Expect the sleeping giant to roar when these numbers come out.

We all know now this is not about balancing budgets; this is about collapsing government by de-funding it then balancing the budget on the backs of the poor and middle class. The budget can be balanced with the simplest of remedies - raising revenues by taxing the wealthiest and the big corporations (like the Koch brothers) who right now are on the state dole, a dole Walker intends to increase. This isn't about balancing budgets; it's about the transfer of wealth from the poor and middle class to wealthy corporate financiers and private sector contractors.

When one looks at this battle through that lens, everything suddenly makes sense.

Monday, February 28, 2011

Many public workers heading for the door

It is becoming obvious that one of the immediate impacts of the Scott Walker power move against unions is that the state is about to lose the skills and experience of thousands of its most veteran public sector workers. Many of them face a decision to retire right now in order to get the full benefits of the pensions promised them over the course of their careers.  If they wait to see what happens to the budget debate over the next months, they could end up losing big money for their retirement.

But even this won't guarantee that pension funds won't be raided over time, as the Alternet article linked here indicates. And as Walker & Co. (like the groups funded by the Koch brothers who are stoking anti-union sentiments all across the country) continue their media assault on labor, the flames of resentment among private sector workers who have lost jobs or seen wages and benefits fall as a result of corporate power plays (you know, the take-it-or-leave-it approach to labor negotiations - take what we offer as we gut your livelihood or we'll move to Oklahoma or Mexico) are bound to rise. Folks like the Kochs and their Club for Growth buddies will be happy to fan those flames because it works so well...

...as you can see today if you read the 'letters to the editors' page in the seemingly anti-union Journal Sentinel.

Doesn't matter if you say that these angry folks going on and on about communists and socialists (say what?!?!?) and privileged lazy public workers have got it all wrong, that they don't know who the real 'enemy' is or why, really, their standard of living is sinking into the burgeoning class of working poor. The corporate guys with all the money and power are very happy to see us turn on one another in a blame game that has no good outcome.

You know, you can let Walker try to rule like that - or not.
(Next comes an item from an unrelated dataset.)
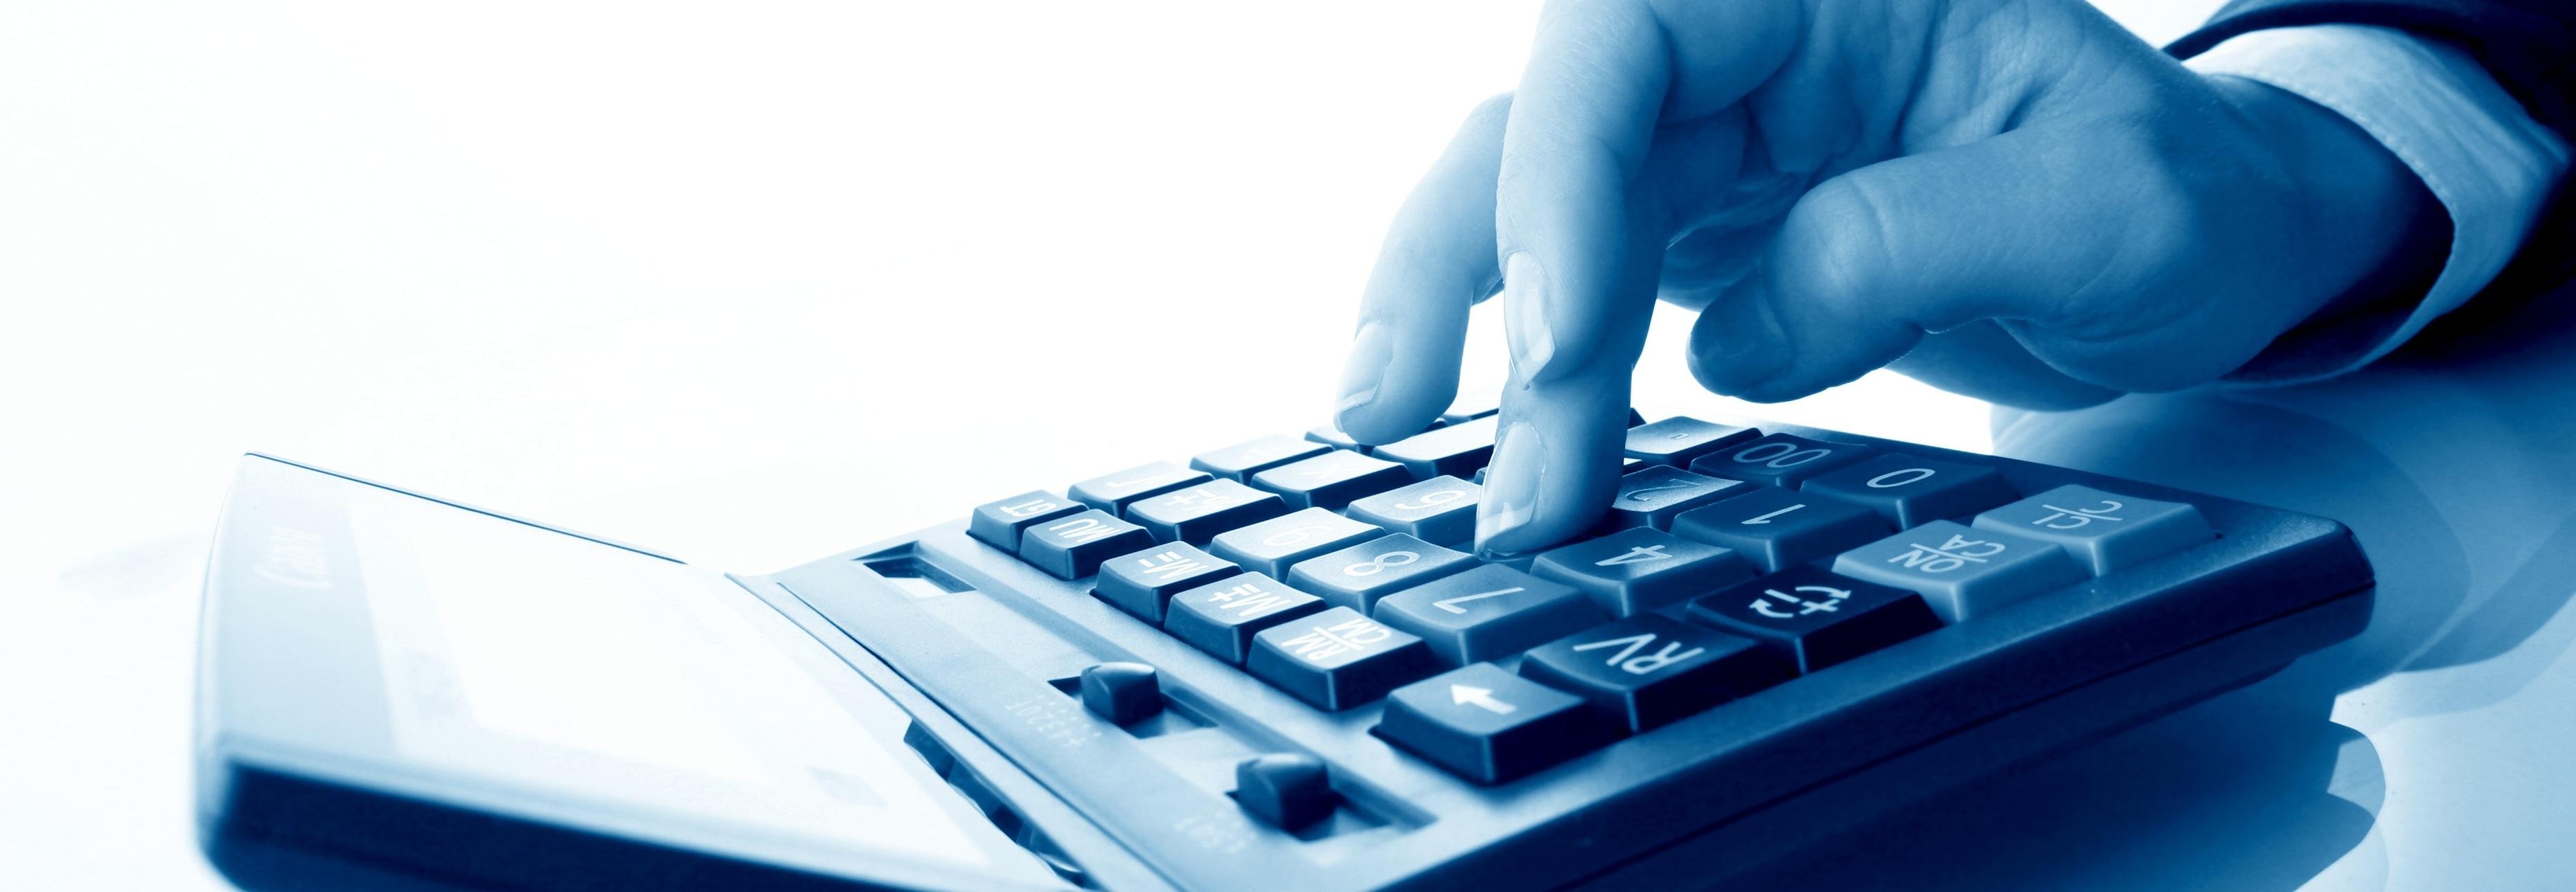 IRPF tipos impositivos tramos comunidades autónomas hacienda

But my challenge to public sector workers and their unions is this: taxpayers do indeed pay your salaries and finance your benefits, and private sector workers, especially those without college degrees, are getting hurt in a global economy that has less and less room for them - and no concern for them at all. If you want to maintain and build support for the cause of worker rights, it is crucial that you begin active, persistent, constructive solidarity with private sector workers. They are not up against elected officials that we voters can turn out of office. They are up against companies that operate solely for the bottom line and have no democracy at all, only a commitment to quarterly profit reports for their stockholders.

It is time for a massive reeducation in this state in regard to labor history and the decades-long struggle for worker rights, of why collective bargaining is crucial in a democracy. What it does is balance the power of corporate money with the power of organized labor. Without that, each worker is at the mercy of these powerful bosses.

Solidarity is the only way out of this mess. Many of us who are not public sector workers have been out in support of the folks in the rotunda and on the streets of Madison. The support must go both ways, otherwise this struggle for worker rights cannot be won.